That no such conclusion is warranted by the decision above referred to, will still further appear from the following considerations:—Our dealings with foreign nations are regulated by the principles of international law, and, according to that law, war abrogates all treaties between belligerents, as of course. But international law supposes the belligerents to be of equal and independent sovereignty. This is the very point in dispute in our contest with the rebellion. We deny to the rebellion the attribute of independent sovereignty, as we deny it to every one of the States included in the rebellion. Our Constitution is, in no sense, a treaty between sovereign States. It is an organic law, establishing a nation, ordained by the people of the whole country. Therefore, only such persons under it as voluntarily wage war upon it, can be strictly called enemies: only such persons, on the defeat of the rebellion, will be liable to be treated as enemies. As to all men who have not participated in the rebellion, it is not easy to see how war, rebellion, usurpation, or any power on earth can destroy their rights under the Constitution.

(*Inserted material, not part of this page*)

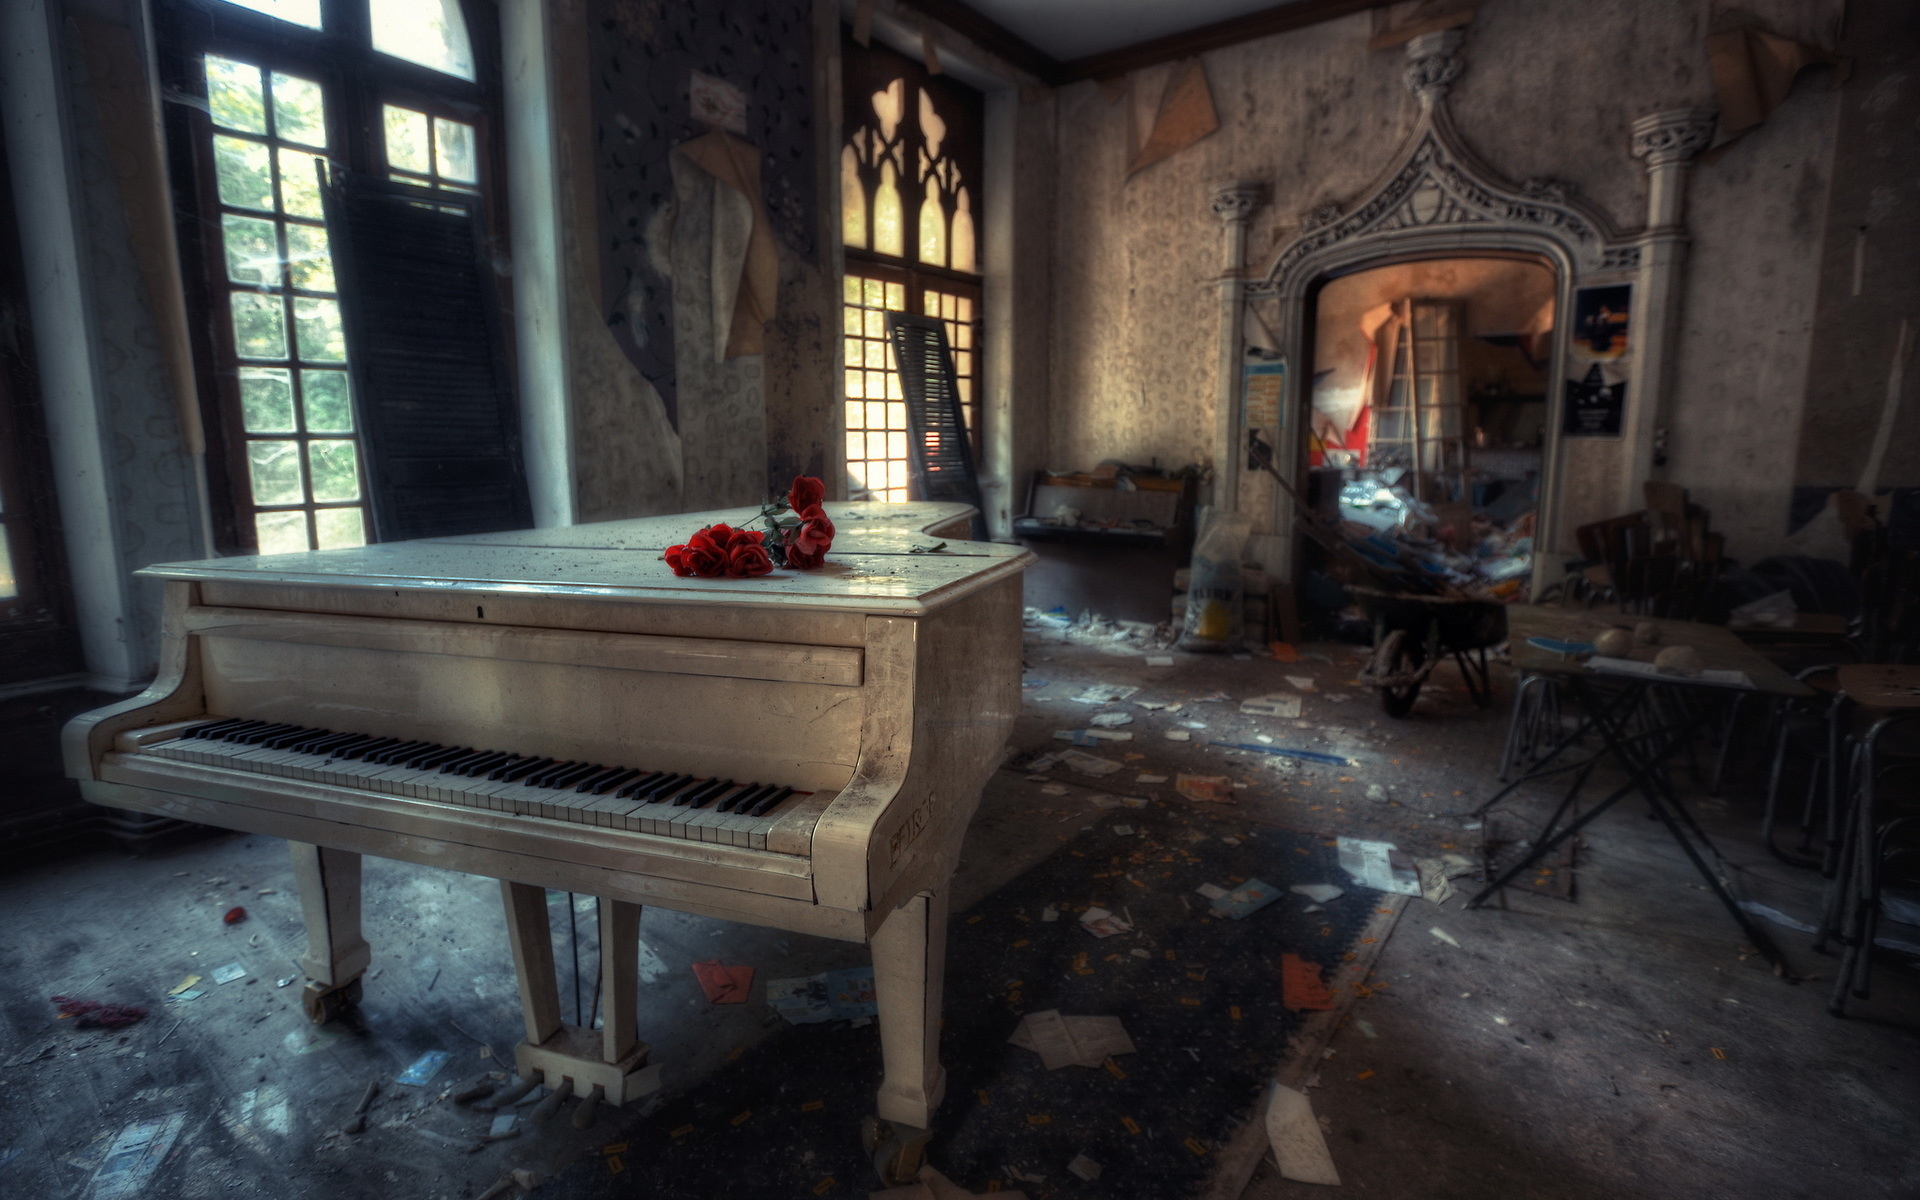 Grand Piano: Old room, Red roses, Musical instrument with a keyboard and three pedals. 1920x1200 HD Wallpaper.
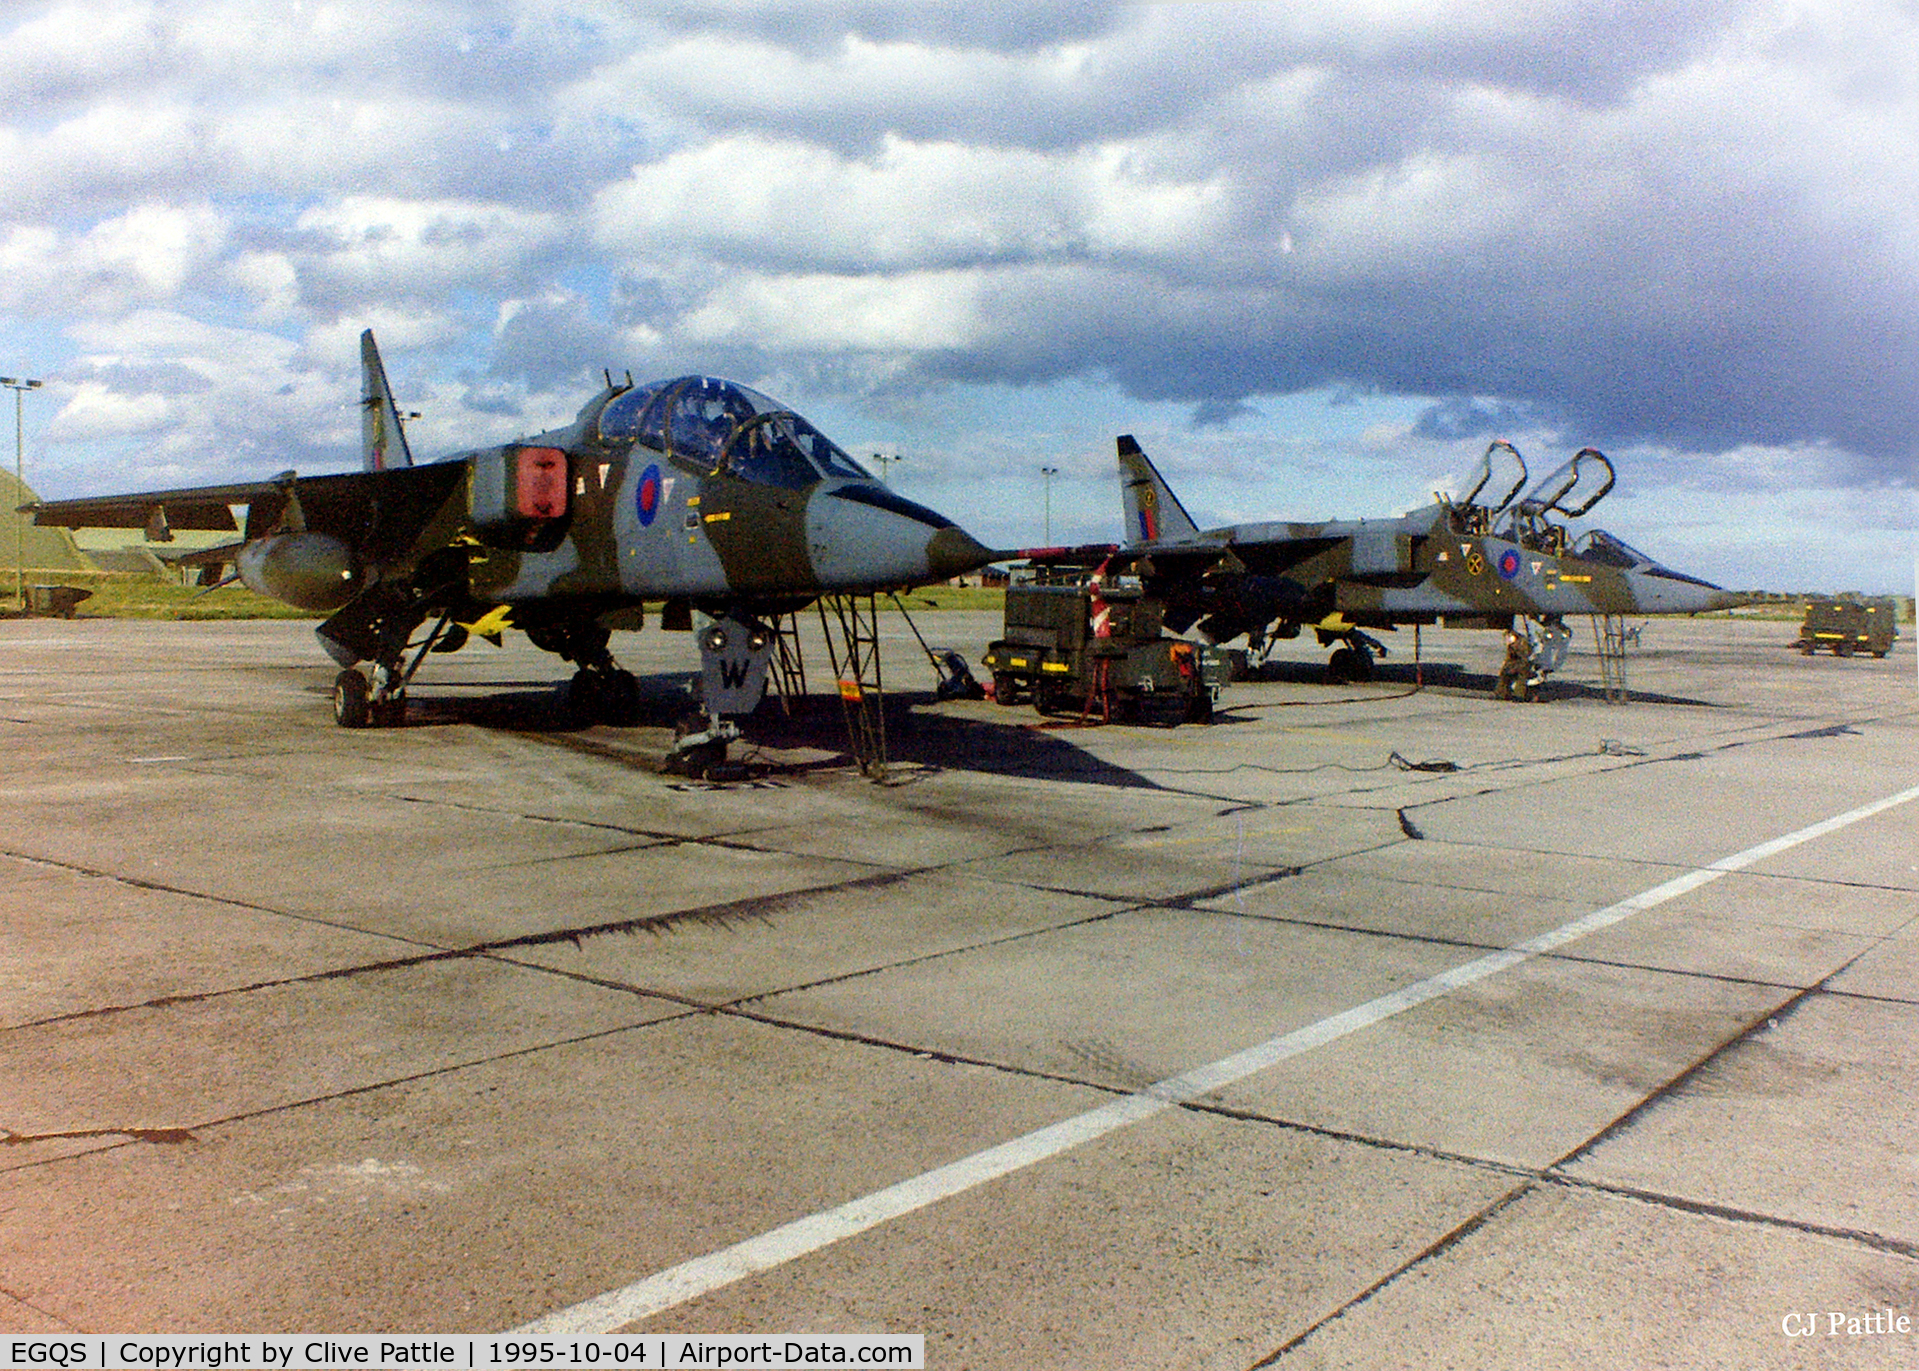 RAF Lossiemouth Airport, Lossiemouth, Scotland United Kingdom (EGQS) - 16 (R) Sqn ramp at RAF Lossiemouth EGQS in October 1995 showing two of the Sqn's Sepecat Jaguar T.2's awaiting their next training sortie.

III. THEORY OF THE CONSTITUTION AND COMMON SENSE.

Reconstruction, then, must come, as the Union came, by the action of the people within the territorial limits of each recreant State. That it will so come is, in a manner, assured and made certain by the action of Kentucky, Missouri, Virginia, and Tennessee. Surely, we cannot expect the political action of an oppressed minority, in any one of the rebel States, to anticipate the National forces sent for their deliverance. The armed combinations in those States have overborne all opposition, and, during the past two years, have wielded the complete powers of a military despotism. The Southern confederacy is a monstrous usurpation in each and every rebel State. The United States is intent on dethroning that usurpation, for the purpose of restoring, to every man who asks it, the rights guaranteed to him by the Constitution of his fathers; and for the equal purpose of asserting its rightful powers as the National Government under the Constitution. The present Administration, then, has taken the only course possible to be taken without open and flagrant violation of the Constitution, which is the sole and sufficient warrant for the war. For this course Abraham Lincoln is entitled to the gratitude of the people. His conscientious policy has been the salvation of the Republic, maintaining its integrity against armed rebellion, on the one hand, and, on the other hand, saving it from destructives whose zeal in a noble cause has often blinded their minds to the higher claims of the Nation: in whose existence, nevertheless, that cause alone has promise of success.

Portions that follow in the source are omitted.